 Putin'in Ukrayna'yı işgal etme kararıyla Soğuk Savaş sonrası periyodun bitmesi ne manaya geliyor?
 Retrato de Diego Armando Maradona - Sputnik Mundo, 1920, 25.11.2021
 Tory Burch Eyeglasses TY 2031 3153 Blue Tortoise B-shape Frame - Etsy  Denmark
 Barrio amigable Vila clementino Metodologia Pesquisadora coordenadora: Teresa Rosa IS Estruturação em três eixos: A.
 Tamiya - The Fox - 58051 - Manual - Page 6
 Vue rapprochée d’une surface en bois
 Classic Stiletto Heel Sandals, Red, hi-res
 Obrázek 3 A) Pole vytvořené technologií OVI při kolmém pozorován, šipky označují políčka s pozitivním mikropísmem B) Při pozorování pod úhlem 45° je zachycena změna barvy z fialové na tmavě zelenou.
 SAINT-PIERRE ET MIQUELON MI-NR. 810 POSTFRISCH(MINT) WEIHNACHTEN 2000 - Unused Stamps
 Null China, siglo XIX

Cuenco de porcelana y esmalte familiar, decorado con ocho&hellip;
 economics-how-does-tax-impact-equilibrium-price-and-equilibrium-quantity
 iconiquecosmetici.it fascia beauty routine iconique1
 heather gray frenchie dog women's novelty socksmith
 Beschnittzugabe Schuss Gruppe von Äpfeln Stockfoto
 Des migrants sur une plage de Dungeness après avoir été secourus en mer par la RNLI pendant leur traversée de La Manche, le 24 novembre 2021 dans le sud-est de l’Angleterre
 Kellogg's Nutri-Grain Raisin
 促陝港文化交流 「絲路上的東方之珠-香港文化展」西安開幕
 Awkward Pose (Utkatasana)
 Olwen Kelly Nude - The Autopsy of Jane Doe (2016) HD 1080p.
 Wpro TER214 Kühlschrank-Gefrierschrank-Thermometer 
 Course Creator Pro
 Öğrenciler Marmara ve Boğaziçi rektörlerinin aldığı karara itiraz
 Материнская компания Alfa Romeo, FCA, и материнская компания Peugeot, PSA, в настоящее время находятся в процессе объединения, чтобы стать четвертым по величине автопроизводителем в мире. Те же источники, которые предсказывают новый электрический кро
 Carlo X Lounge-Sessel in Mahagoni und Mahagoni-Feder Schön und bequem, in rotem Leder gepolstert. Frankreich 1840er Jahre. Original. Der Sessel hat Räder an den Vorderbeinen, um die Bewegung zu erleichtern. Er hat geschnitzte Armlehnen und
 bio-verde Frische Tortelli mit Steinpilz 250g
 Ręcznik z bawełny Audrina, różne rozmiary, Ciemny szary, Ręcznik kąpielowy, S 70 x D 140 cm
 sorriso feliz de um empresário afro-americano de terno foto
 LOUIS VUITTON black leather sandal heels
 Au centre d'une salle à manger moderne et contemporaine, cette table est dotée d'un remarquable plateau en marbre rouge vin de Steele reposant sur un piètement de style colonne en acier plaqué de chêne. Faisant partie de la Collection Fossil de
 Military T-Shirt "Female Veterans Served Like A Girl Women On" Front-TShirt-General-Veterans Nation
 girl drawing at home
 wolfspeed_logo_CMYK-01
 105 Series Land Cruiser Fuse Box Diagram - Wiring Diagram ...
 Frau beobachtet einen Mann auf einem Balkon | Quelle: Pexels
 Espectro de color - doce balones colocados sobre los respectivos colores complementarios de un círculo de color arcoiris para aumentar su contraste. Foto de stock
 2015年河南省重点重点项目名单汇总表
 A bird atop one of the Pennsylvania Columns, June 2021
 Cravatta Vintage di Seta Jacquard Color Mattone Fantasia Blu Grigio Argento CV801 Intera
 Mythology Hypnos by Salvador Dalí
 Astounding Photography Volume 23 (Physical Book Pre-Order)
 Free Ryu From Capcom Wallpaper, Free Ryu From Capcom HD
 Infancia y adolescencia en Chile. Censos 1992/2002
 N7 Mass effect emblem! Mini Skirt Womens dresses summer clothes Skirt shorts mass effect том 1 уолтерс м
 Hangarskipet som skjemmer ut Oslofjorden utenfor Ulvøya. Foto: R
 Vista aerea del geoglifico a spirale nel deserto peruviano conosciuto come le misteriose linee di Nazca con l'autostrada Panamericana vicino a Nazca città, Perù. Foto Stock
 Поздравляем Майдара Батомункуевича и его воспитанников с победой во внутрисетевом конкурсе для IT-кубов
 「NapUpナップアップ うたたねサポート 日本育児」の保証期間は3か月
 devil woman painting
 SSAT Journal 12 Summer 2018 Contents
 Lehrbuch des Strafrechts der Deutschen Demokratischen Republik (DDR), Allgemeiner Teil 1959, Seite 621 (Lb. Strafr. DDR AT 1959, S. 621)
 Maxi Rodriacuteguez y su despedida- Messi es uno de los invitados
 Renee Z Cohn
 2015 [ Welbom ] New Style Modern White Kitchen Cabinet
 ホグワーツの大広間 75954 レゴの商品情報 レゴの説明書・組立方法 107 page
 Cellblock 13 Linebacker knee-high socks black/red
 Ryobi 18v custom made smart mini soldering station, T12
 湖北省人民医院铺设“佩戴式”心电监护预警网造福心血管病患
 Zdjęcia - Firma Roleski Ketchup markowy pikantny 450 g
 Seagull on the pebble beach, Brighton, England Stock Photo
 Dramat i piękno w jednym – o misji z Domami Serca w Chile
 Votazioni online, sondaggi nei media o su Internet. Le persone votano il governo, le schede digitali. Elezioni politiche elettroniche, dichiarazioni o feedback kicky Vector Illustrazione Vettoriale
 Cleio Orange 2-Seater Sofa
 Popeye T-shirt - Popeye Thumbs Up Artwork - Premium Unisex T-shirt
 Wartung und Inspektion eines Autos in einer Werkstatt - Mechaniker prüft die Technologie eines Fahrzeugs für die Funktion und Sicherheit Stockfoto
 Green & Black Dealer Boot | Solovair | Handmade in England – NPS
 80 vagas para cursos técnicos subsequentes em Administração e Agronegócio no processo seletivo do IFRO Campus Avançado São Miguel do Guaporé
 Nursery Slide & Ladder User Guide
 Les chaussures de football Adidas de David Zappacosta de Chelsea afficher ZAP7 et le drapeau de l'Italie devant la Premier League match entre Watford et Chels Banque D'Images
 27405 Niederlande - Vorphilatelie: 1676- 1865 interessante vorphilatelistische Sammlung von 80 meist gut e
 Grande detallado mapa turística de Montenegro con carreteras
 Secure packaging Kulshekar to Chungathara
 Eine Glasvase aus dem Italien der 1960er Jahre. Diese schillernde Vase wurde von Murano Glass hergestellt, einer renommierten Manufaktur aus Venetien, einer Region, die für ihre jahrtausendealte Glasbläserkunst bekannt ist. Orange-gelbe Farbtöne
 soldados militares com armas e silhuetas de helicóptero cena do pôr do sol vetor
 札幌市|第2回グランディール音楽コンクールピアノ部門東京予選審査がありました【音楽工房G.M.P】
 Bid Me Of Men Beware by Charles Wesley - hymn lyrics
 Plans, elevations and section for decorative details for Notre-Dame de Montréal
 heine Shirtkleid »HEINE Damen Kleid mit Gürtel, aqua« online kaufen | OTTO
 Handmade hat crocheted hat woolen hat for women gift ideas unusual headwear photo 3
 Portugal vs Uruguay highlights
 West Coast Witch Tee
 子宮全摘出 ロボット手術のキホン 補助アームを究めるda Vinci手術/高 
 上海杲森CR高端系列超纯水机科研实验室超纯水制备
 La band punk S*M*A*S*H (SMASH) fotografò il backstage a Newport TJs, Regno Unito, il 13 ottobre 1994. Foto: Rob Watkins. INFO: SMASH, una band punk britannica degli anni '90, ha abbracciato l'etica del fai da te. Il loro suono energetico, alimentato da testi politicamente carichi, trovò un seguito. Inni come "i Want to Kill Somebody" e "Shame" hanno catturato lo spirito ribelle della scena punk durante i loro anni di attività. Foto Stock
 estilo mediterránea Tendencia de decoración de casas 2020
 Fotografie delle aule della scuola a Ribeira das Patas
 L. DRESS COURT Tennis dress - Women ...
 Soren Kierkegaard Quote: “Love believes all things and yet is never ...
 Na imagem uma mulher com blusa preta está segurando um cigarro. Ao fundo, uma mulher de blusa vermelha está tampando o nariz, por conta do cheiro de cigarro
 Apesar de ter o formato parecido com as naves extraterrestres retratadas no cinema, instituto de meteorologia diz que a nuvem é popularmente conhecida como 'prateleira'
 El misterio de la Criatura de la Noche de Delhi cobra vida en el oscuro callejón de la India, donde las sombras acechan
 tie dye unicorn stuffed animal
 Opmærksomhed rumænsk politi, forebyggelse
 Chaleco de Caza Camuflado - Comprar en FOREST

^^^^^^^^^^^^^^^^

◆ **YOUR OBJECTIVE**
Would you copy, unchanged, the stretch of the records above that begins at the line containing "Les chaussures de" and ends at the line containing "is never ...", and only that?

◆ **RESPONSE TO THIS EXERCISE**
 Les chaussures de football Adidas de David Zappacosta de Chelsea afficher ZAP7 et le drapeau de l'Italie devant la Premier League match entre Watford et Chels Banque D'Images
 27405 Niederlande - Vorphilatelie: 1676- 1865 interessante vorphilatelistische Sammlung von 80 meist gut e
 Grande detallado mapa turística de Montenegro con carreteras
 Secure packaging Kulshekar to Chungathara
 Eine Glasvase aus dem Italien der 1960er Jahre. Diese schillernde Vase wurde von Murano Glass hergestellt, einer renommierten Manufaktur aus Venetien, einer Region, die für ihre jahrtausendealte Glasbläserkunst bekannt ist. Orange-gelbe Farbtöne
 soldados militares com armas e silhuetas de helicóptero cena do pôr do sol vetor
 札幌市|第2回グランディール音楽コンクールピアノ部門東京予選審査がありました【音楽工房G.M.P】
 Bid Me Of Men Beware by Charles Wesley - hymn lyrics
 Plans, elevations and section for decorative details for Notre-Dame de Montréal
 heine Shirtkleid »HEINE Damen Kleid mit Gürtel, aqua« online kaufen | OTTO
 Handmade hat crocheted hat woolen hat for women gift ideas unusual headwear photo 3
 Portugal vs Uruguay highlights
 West Coast Witch Tee
 子宮全摘出 ロボット手術のキホン 補助アームを究めるda Vinci手術/高 
 上海杲森CR高端系列超纯水机科研实验室超纯水制备
 La band punk S*M*A*S*H (SMASH) fotografò il backstage a Newport TJs, Regno Unito, il 13 ottobre 1994. Foto: Rob Watkins. INFO: SMASH, una band punk britannica degli anni '90, ha abbracciato l'etica del fai da te. Il loro suono energetico, alimentato da testi politicamente carichi, trovò un seguito. Inni come "i Want to Kill Somebody" e "Shame" hanno catturato lo spirito ribelle della scena punk durante i loro anni di attività. Foto Stock
 estilo mediterránea Tendencia de decoración de casas 2020
 Fotografie delle aule della scuola a Ribeira das Patas
 L. DRESS COURT Tennis dress - Women ...
 Soren Kierkegaard Quote: “Love believes all things and yet is never ...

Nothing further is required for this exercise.